La pennata alternata

Per suonare assoli veloci bisogna usare la pennata. Qualcuno potrebbe dire che abbiamo scoperto l’acqua calda. Sì, ma c’è il modo corretto di fare la pennata alternata e il modo sbagliato. Ma fermiamoci un attimo, magari chi ci legge è appena agli inizi e non ha mai sentito parlare di alternative picking. In sostanza dare la pennata alternata significa colpire la corda con il plettro dall’alto verso il basso e dal basso verso l’alto (e viceversa). Il movimento, però, deve essere controllato al fine di ridurlo al minimo e guadagnare tempo. 

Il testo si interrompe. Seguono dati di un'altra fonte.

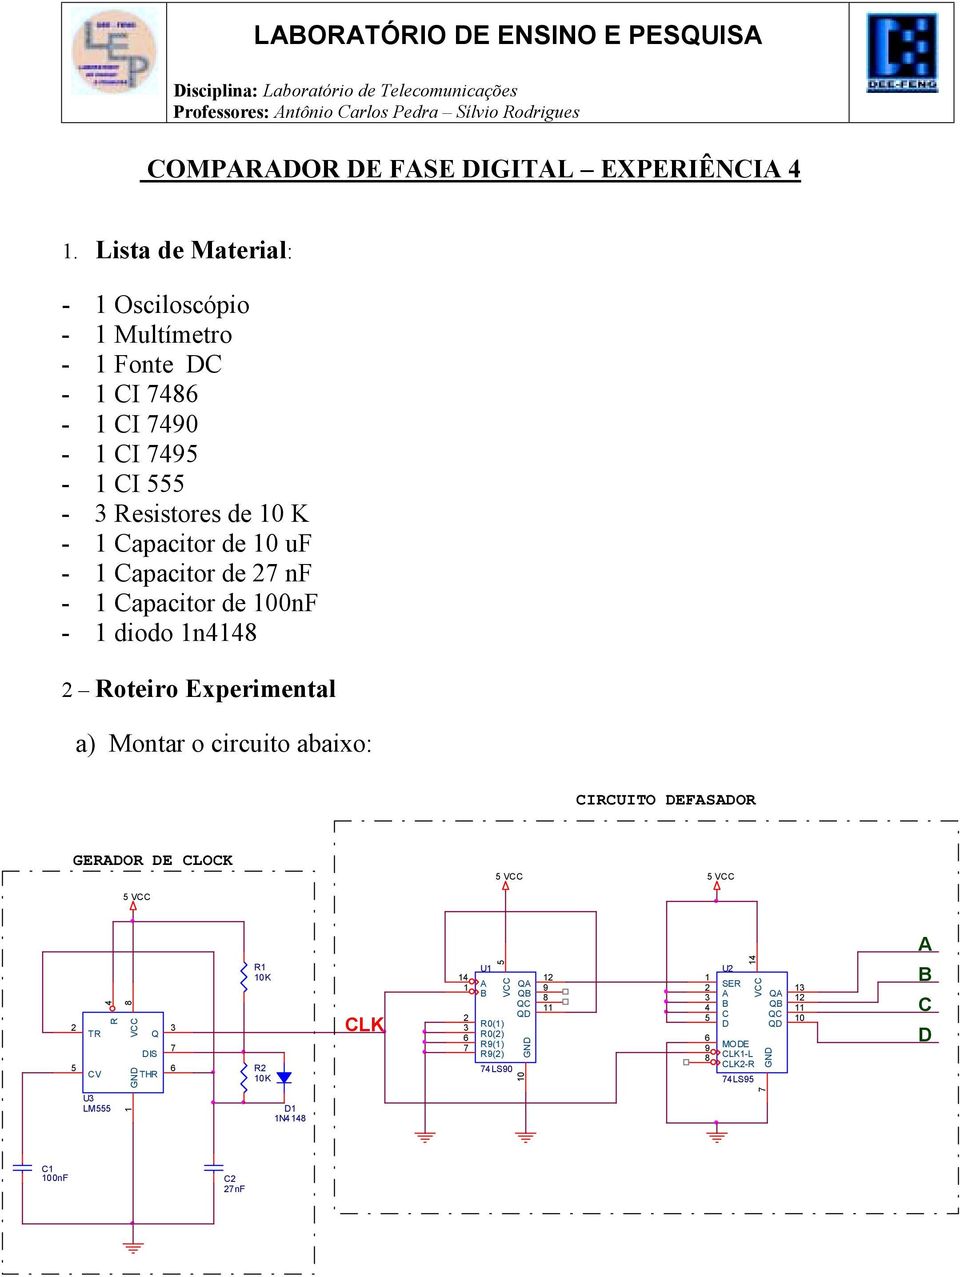 uf - Capacitor de nf - Capacitor de 00nF - diodo n448 Roteiro Experimental a) Montar o circuito abaixo: CIRCUITO DEFSDOR GERDOR DE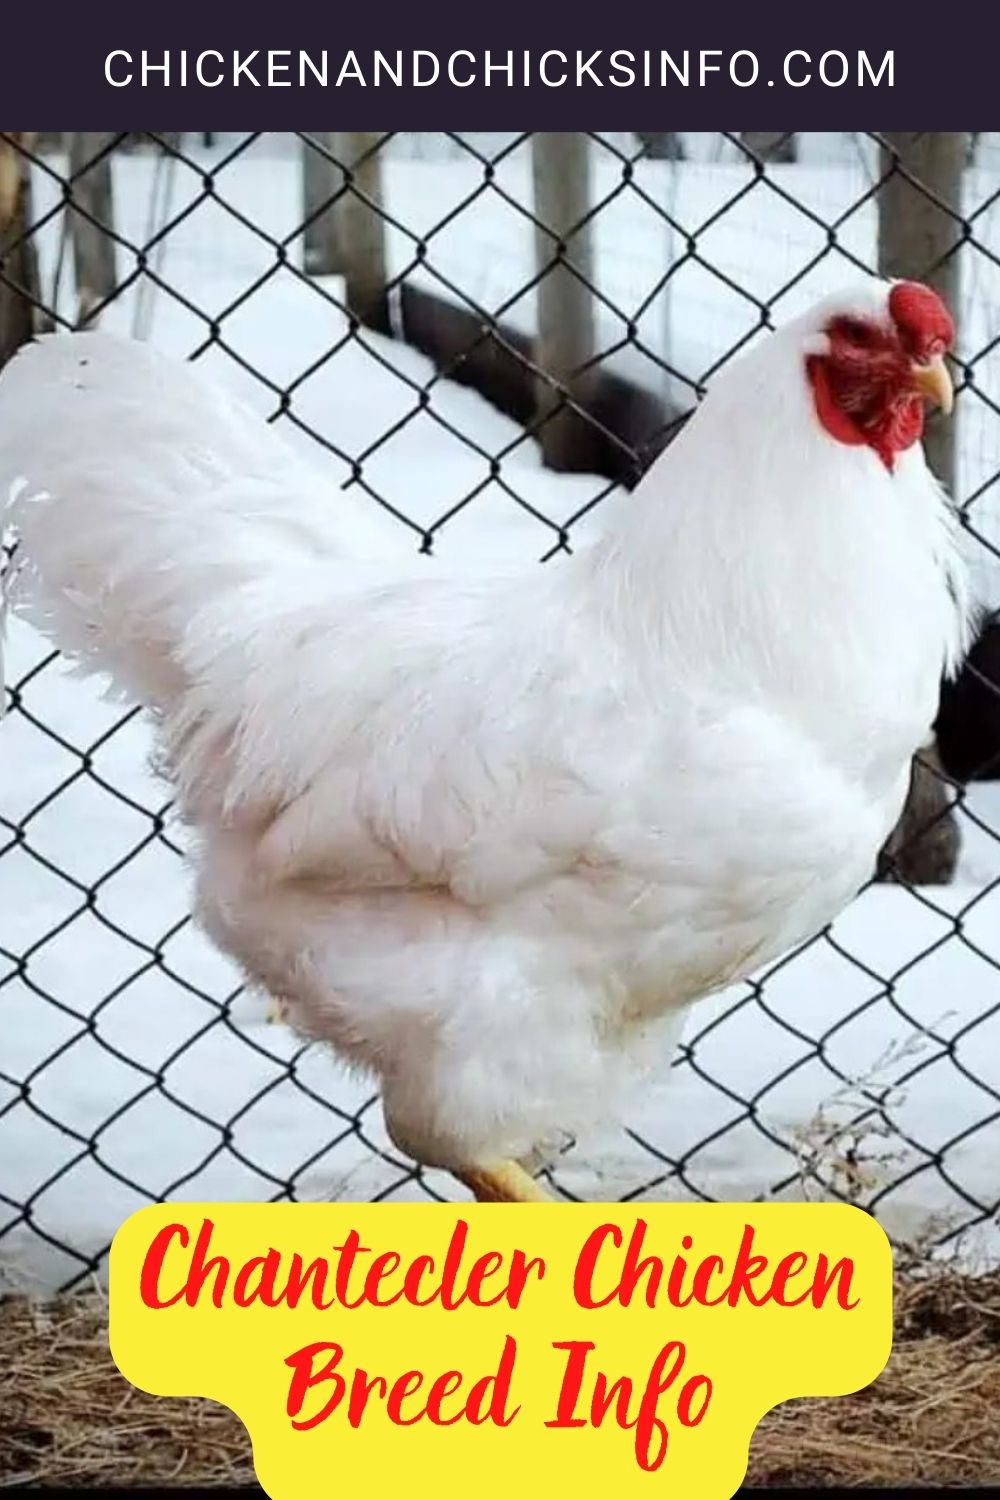 Chantecler Chicken Breed Info pinterest image.

Volendo fare un esempio grossolano, nel dare la pennata dall’alto in giù, non dovete avvicinarvi alla corda sottostante. Per facilitare la riduzione del movimento serve un punto d’appoggio che può essere rappresentato dal mignolo oppure mettendo la mano sulle corde e in parte sul ponte. Chiaramente la corda da suonare va lasciata libera di vibrare a meno che non si desideri eseguire una nota stoppata.

 

La posizione del pollice

Molto spesso un chitarrista non riesce a superare i suoi limiti a causa dell’impostazione sbagliata, intanto siamo passati dalla mano destra alla sinistra. In particolare prestiamo attenzione alla posizione del pollice che deve stare dietro al manico in una posizione centrale, non deve sovrastarlo come erroneamente fanno molti. Ciò va bene se si vuole fare il bending ma solo in questo caso. Tenendo il pollice nella posizione appena descritta le restanti dita sono più rilassate.

 

Economizzare i movimenti

Anche per la mano sinistra economizzare i movimenti è fondamentale per guadagnare velocità. Immaginiamo di voler suonare una scala; le dita devono restare il più possibile vicino alla tastiera, in altre parole, nel passare da una nota all’altra non vanno sollevate troppo ma il minimo indispensabile.

 

Sincronizzate le mani

Il trucco alla base della sincronizzazione di mano destra e sinistra è eseguire movimenti che siano sempre uguali.

 

Il plettro

Anche la scelta del plettro incide sulla velocità. Non parliamo tanto di spessore, che comunque deve essere heavy, di conseguenza dal millimetro in poi, ma di superficie. Usando i plettri a goccia (non con punta arrotondata) si riesce ad andare più veloci.

 

Piccole sequenze di note

Per sviluppare la velocità create delle sequenze di poche note: tre è il numero perfetto, come si suol dire. Tenendo a mente i consigli dati fino a questo momento, suonate le tre note (a metronomo) fin quando non avete interiorizzato del tutto il movimento, a quel punto aggiungete all’esercizio la corda sottostante. Per capirci, ora le note diventano sei distribuite equamente su due corde.

 

Il metronomo

Lavorare con il metronomo permette di conoscere a che velocità si sta suonando e sviluppare la capacità di andare a tempo. Riprendendo il discorso delle piccole sequenze fatto in precedenza, impostate il metronomo alla velocità che ritenete il vostro limite. Se commettere errori di esecuzione, diminuite la velocità e lavorate su quella fin quando non siete pronti per incrementarla. Alzate sempre l’asticella ma ricordate di abbassarla se vi capita di sbagliare.

 

Ripetere le parti sempre uguali

Esercitatevi su una scala di Sol maggiore in quanto i tasti da premere formano tre coppie identiche, naturalmente con note diverse. Il ripetere queste parti sempre uguali aiuta a farvi diventare più veloci.

 

Per non esitare

Quando si suona veloci non bisogna esitare altrimenti ci si ferma. Bisogna conoscere la diteggiatura di una scala alla perfezione ed eseguirla sempre con le stesse dita e con lo stesso tipo di pennata per evitare di fare confusione che invece si genera quando i movimenti non sono sempre uguali.

Velocità di pensiero

Mentre si sta suonando una posizione bisogna già visualizzare mentalmente la successiva. Ciò non solo aiuta a suonare veloci ma anche a restare concentrati su ciò che si sta suonando.

 

Capite i vostri limiti

Se il lunedì suonate una scala con il metronomo impostato a 70 è assurdo pensare di ripeterlo il martedì o il mercoledì successivo a 150. L’esecuzione sarà comprensibilmente pessima  e ciò può anche scoraggiarvi. Impostate una velocità “comfort” per così dire e incrementatela di poco alla volta e solo quando l’esecuzione è corretta. Cosa intendiamo di poco alla volta? Per esempio da 70 a 75 poi a 80 e così via.